Edit the parameters of the model before converting:

nano /mnt/fastdisk/llama-2-7b-chat/params.json

Correct "vocab_size": -1 to "vocab_size": 32000. Save the file and exit. Then, open the llama.cpp directory:

cd /mnt/fastdisk/llama.cpp

Execute the script which will convert model to GGUF format:

python3 convert.py /mnt/fastdisk/llama-2-7b-chat/ --vocab-dir /mnt/fastdisk/llama

If all the previous steps are correct, you’ll receive a message like this:

Wrote /mnt/fastdisk/llama-2-7b-chat/ggml-model-f16.gguf

Step 6. WebUI

How to start WebUI

Open the directory:

cd /mnt/fastdisk/text-generation-webui/

Execute the start script with some useful parameters:

--model-dir indicates the correct path to the models
--share creates a temporary public link (if you don’t want to forward a port through SSH)
--gradio-auth adds authorization with a login and password (replace user:password with your own)

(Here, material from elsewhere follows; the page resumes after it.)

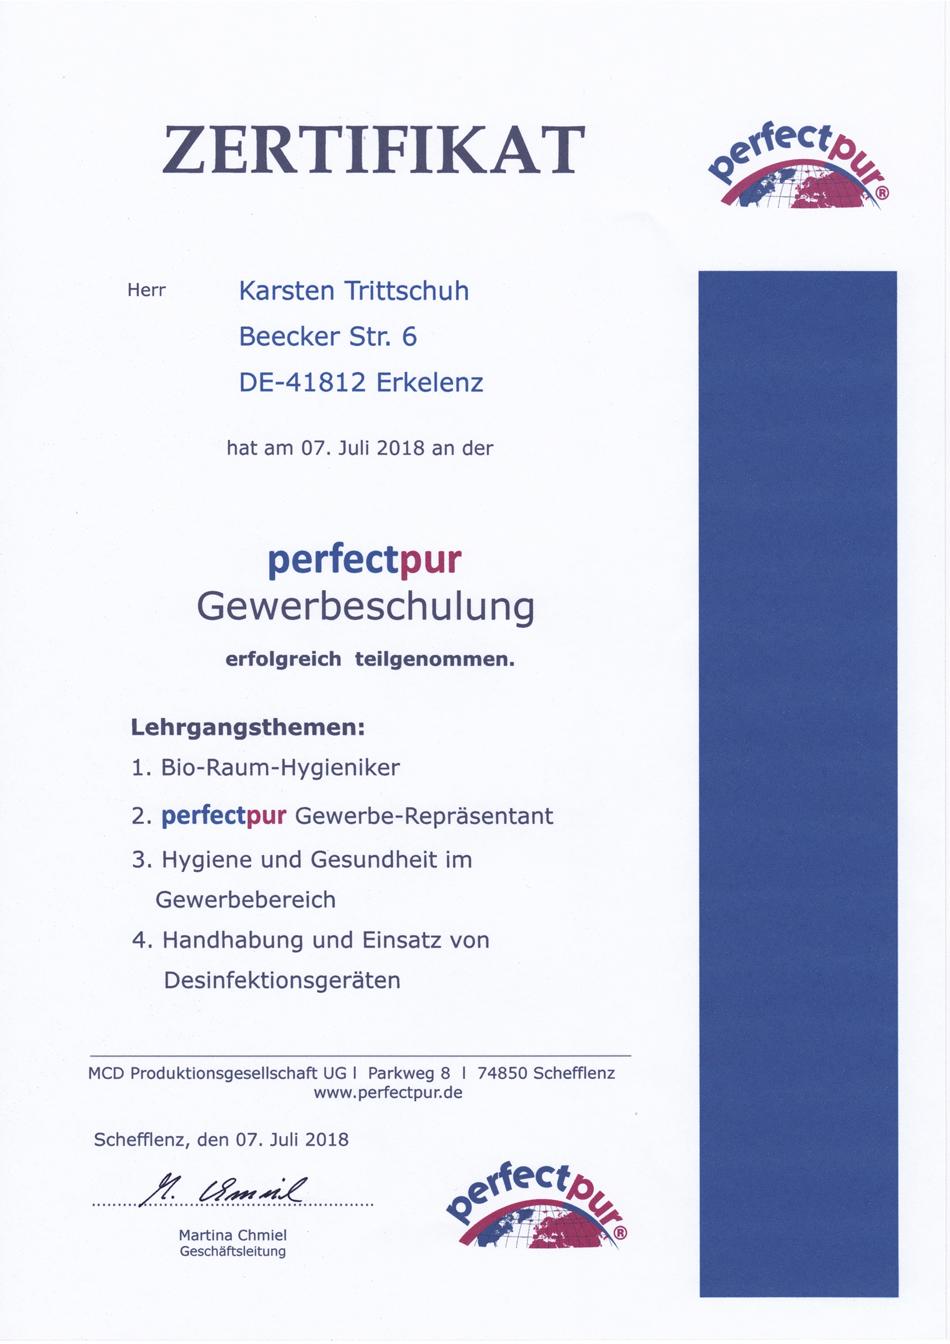 pp_zertifikat_k
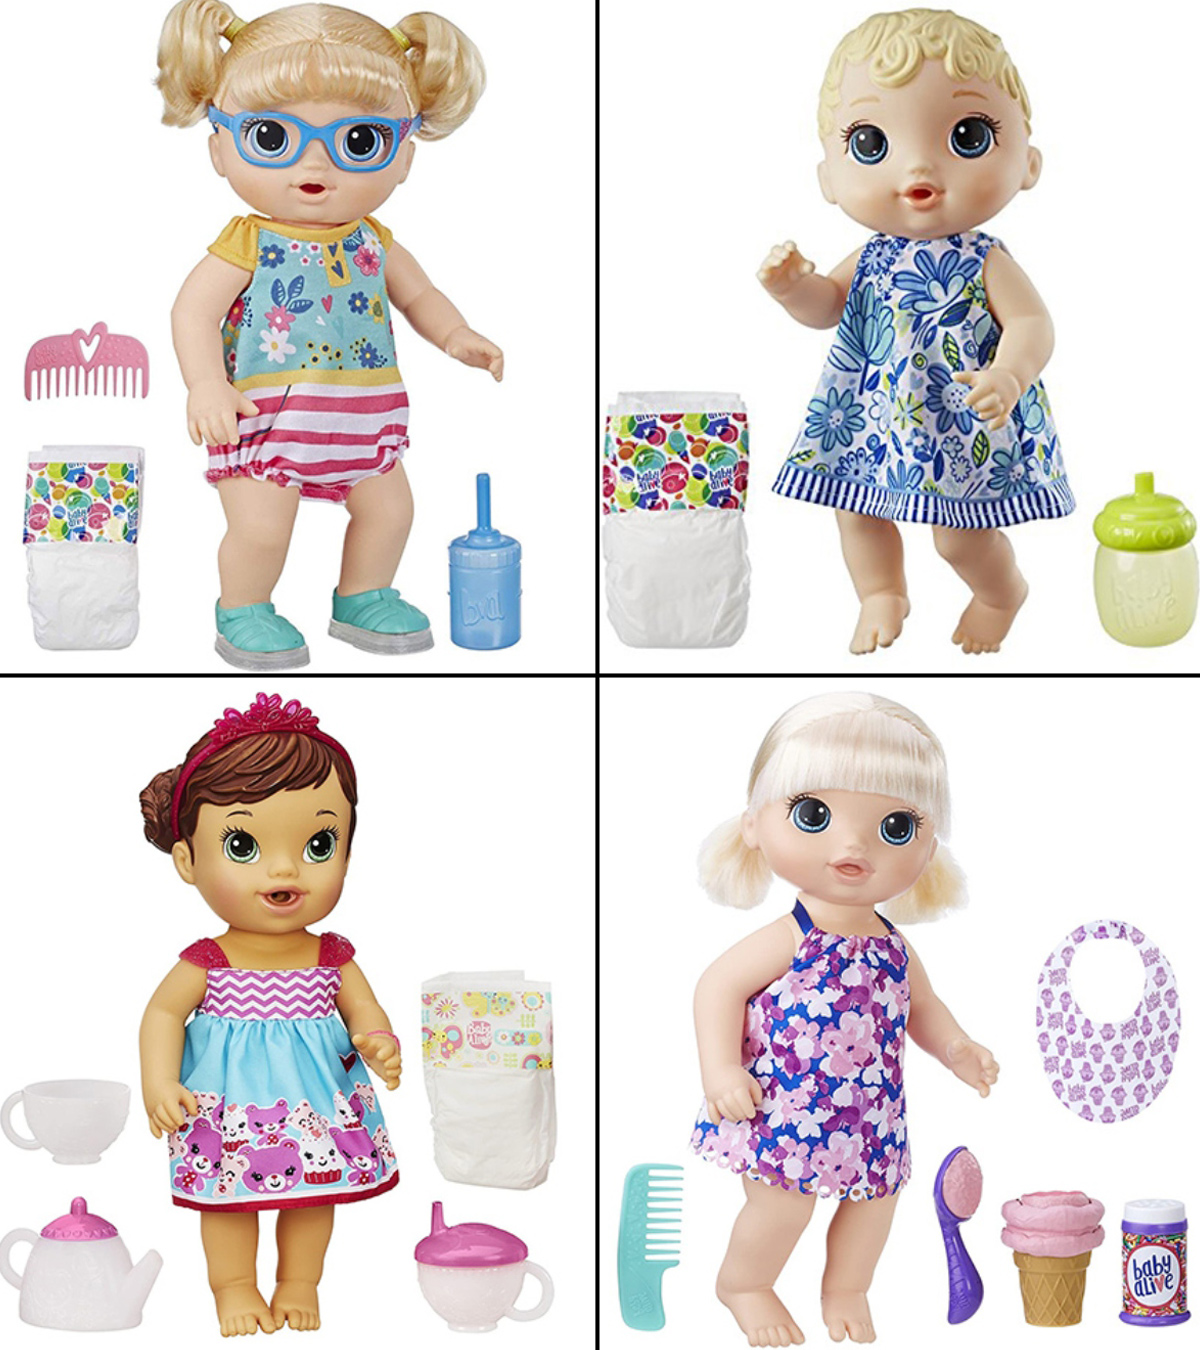 13 Best Baby Alive Dolls Of 2020

./start_linux.sh --model-dir /mnt/fastdisk/llama-2-7b-chat/ --share --gradio-auth user:password

After successful launch, you’ll receive a local and temporary share link for access:

Running on local URL:  http://127.0.0.1:7860
Running on public URL: https://e9a61c21593a7b251f.gradio.live

This share link expires in 72 hours.

Load the model

Authorize in the WebUI using the selected username and password and follow these 5 simple steps:

Navigate to the Model tab.
Select ggml-model-f16.gguf from the drop-down menu.
Choose how many layers you want to compute on the GPU (n-gpu-layers).
Choose how many threads you want to start (threads).
Click on the Load button.

Start the dialog

Change the tab to Chat, type your prompt, and click Generate: